Drosha-null samples exhibited significantly increased coverage of pri-miRNA regions compared with wild type (WT) (Supplementary Table 6). Differential expression analysis was performed on the set of verified pri-miRNAs following removal of the hairpin pre-miRNA region, to identify differences in coverage of the pri-miRNA portion, which is normally cleaved within the nucleus. Fourteen (63.6%) pri-miRNA regions were significantly upregulated in Drosha-null samples, while only 2 (9.1%) were downregulated (Supplementary Table 6). The majority of the experimentally derived pri-miRNA transcripts (14 out of 22) partially (Supplementary Fig. 1) or fully (Supplementary Fig. 2) overlap with previously annotated long ncRNA genes (lncRNAs), suggesting incomplete annotation and/or multiple functionality. Both downregulated transcripts also overlap with such loci but in their case the precursor miRNAs reside inside their introns. For instance, one of the downregulated pri-miRNA regions overlaps with Snhg4 (small nucleolar RNA host gene 4), which hosts a known snoRNA in one intron and a pre-miRNA in another.

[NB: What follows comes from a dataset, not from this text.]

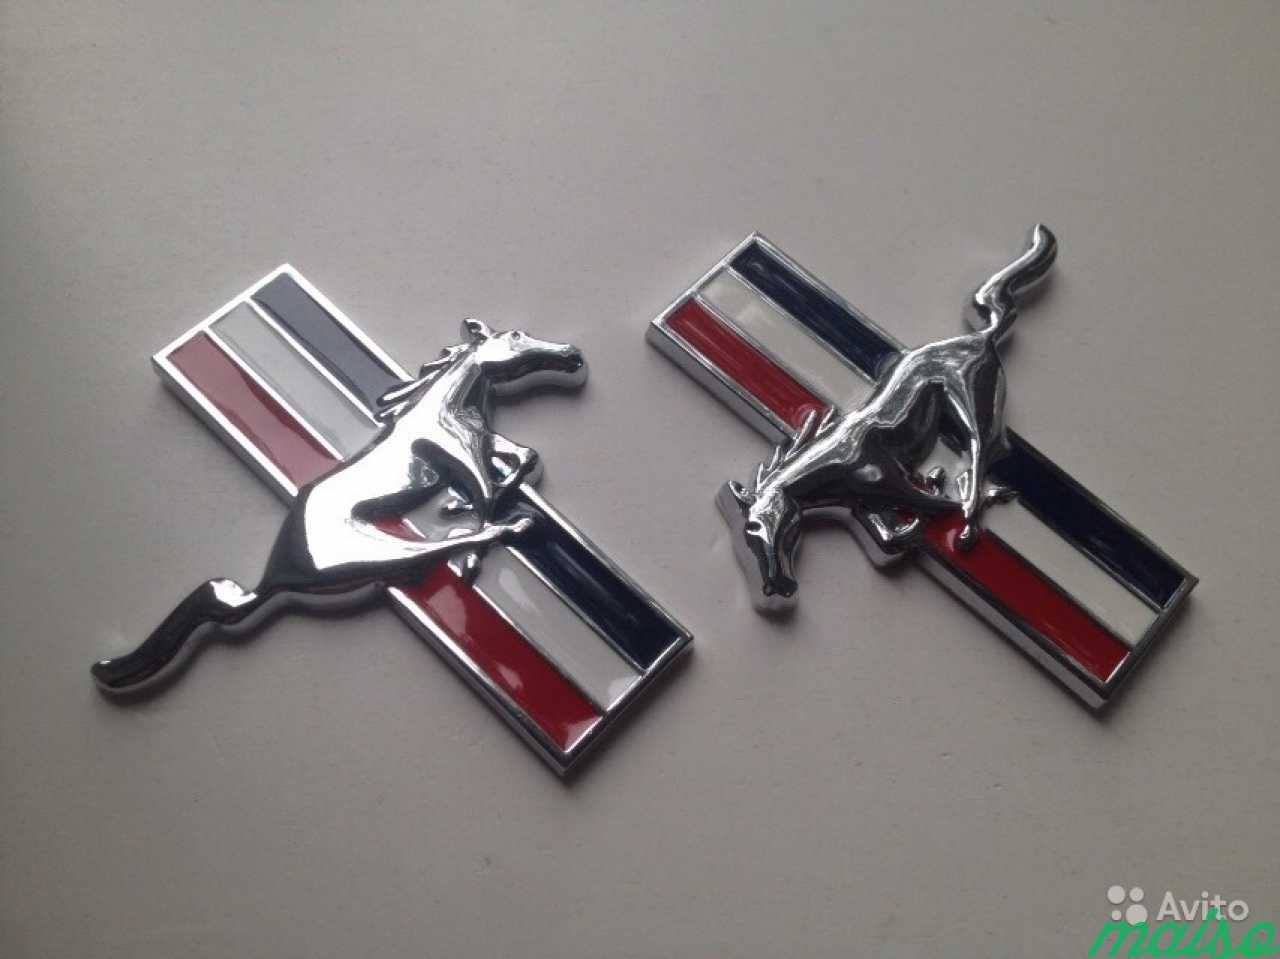 Эмблемы Ford Mustang на крылья 2 штуки в Санкт-Петербурге. Фото 4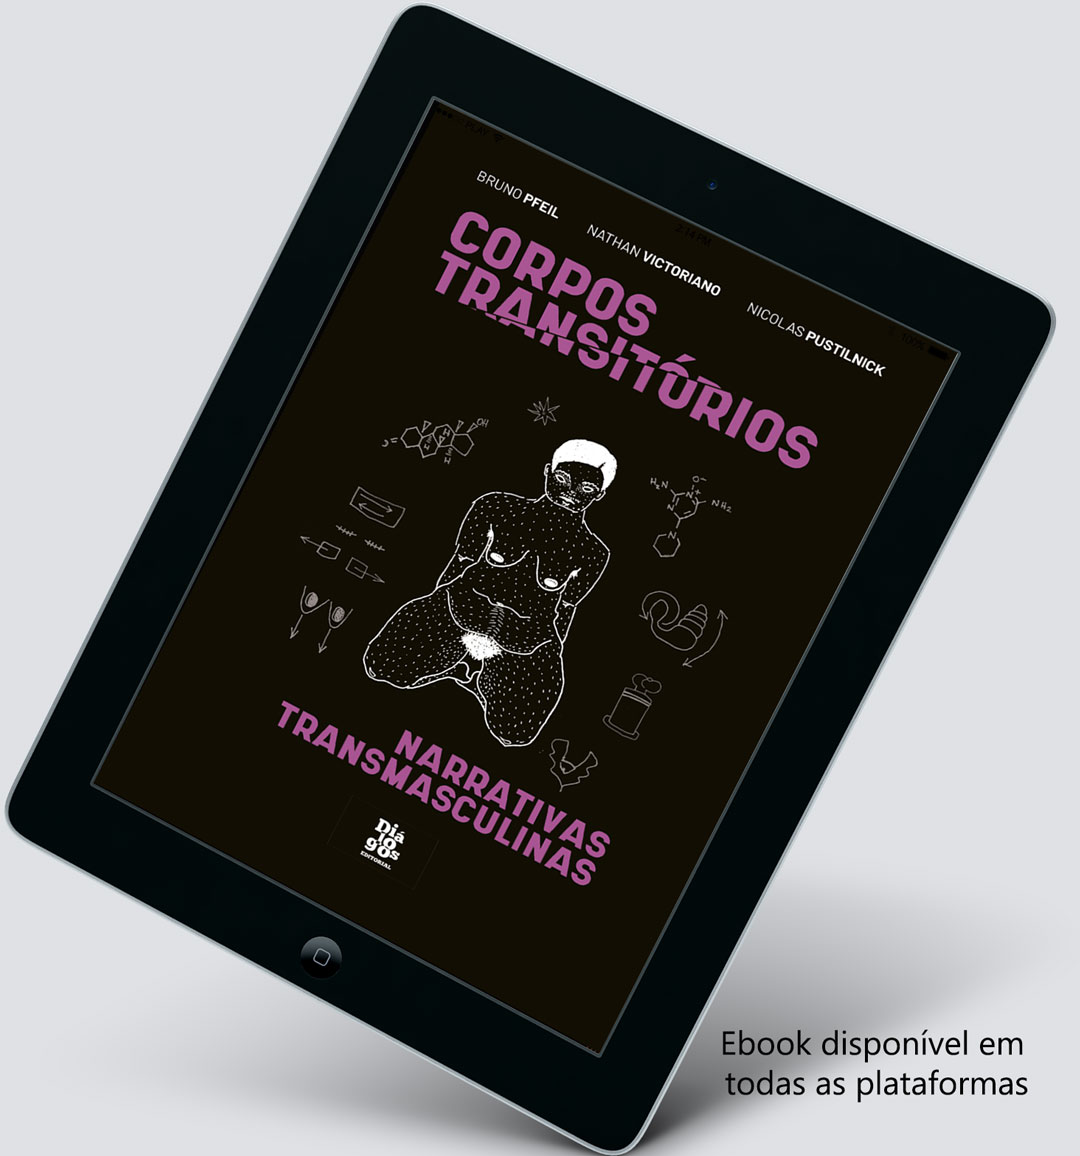 Corpos Transitórios: narrativas transmasculinas é lançado em e-book na amazon e demais plataformas.

Comparison between microTSS and previous methods

To construct an extensive validation set of miRNA TSSs in human, GRO-Seq data sets, derived from human IMR90 and ES cell samples published in Sigova et al.16 and Jin et al.17, were analysed (Supplementary Table 5). In contrast to Pol II ChIP-Seq, GRO-Seq data are strand specific. They map and quantify only transcriptionally engaged Poll II18. GRO-Seq density sharply peaks near the TSS in sense and antisense directions (Fig. 4c). A sliding window was applied on the region upstream of pre-miRNAs resulting in the identification of loci enriched in GRO-Seq signal. Regions that correlated with H3K4me3- and Pol II ChIP-Seq-derived peaks have been marked as TSSs. Precursors presenting no overlap with enriched regions have been filtered out. This pipeline resulted to the identification of TSSs for 72 pre-miRNAs in human ES and 81 pre-miRNAs in IMR90 cells. Human ESC (hESC) GRO-Seq signal around pri-miRNA TSSs is depicted in Fig. 4c. These human miRNA TSSs served as two additional independent test sets. The genomic locations of the experimentally verified TSSs are presented in Supplementary Tables 7–9.

Figure 4: Comparing prediction distance from validated TSSs. PROmiRNA, S-Peaker and Marson et al.12 support multiple predictions per miRNA.
figure 4

The total amount of predicted TSSs is given in X/Y notation to provide a sense of precision for each algorithm. X represents the number of supported miRNAs and Y the total amount of predictions for the supported miRNAs. (a) Comparison between microTSS, S-Peaker, Marson et al. and PROmiRNA in terms of prediction distance from Drosha-null-validated miRNA TSSs. These are the only algorithms supporting predictions in mouse. Distance has been transformed in log2 scale. Extensions –H, –C and –CTV in PROmiRNA, S-Peaker and Marson et al. plots represent the highest scored, the closest predictions to pre-miRNAs and closest predictions to validated TSSs, respectively. Marson et al. supports 31 out of the 47 experimentally validated TSSs and provides 33 predictions, microTSS supports 44 TSSs by providing one prediction per miRNA while both PROmiRNA and S-Peaker support 47 TSSs and provide 373 and 409 predictions, respectively. (b) Comparing each algorithm’s prediction distance from GRO-Seq-validated TSSs of 72 precursor miRNAs in human ESCs. Marson et al. and miRStart have been published in 2008 and 2011, respectively, thus being unable to support predictions for each of these 72 precursors. Distance has been transformed in log2 scale and differences are super-linear. Marson et al. support 27 out of the 72 experimentally validated TSSs and provide 29 predictions, microTSS and miRStart support 70 and 29 TSSs, respectively, by providing one prediction per miRNA, while PROmiRNA and S-Peaker support 61 and 51 TSSs and provide 383 and 440 predictions, respectively. (c) Signal distribution around the GRO-Seq-validated miRNA gene transcription start site in human ESCs.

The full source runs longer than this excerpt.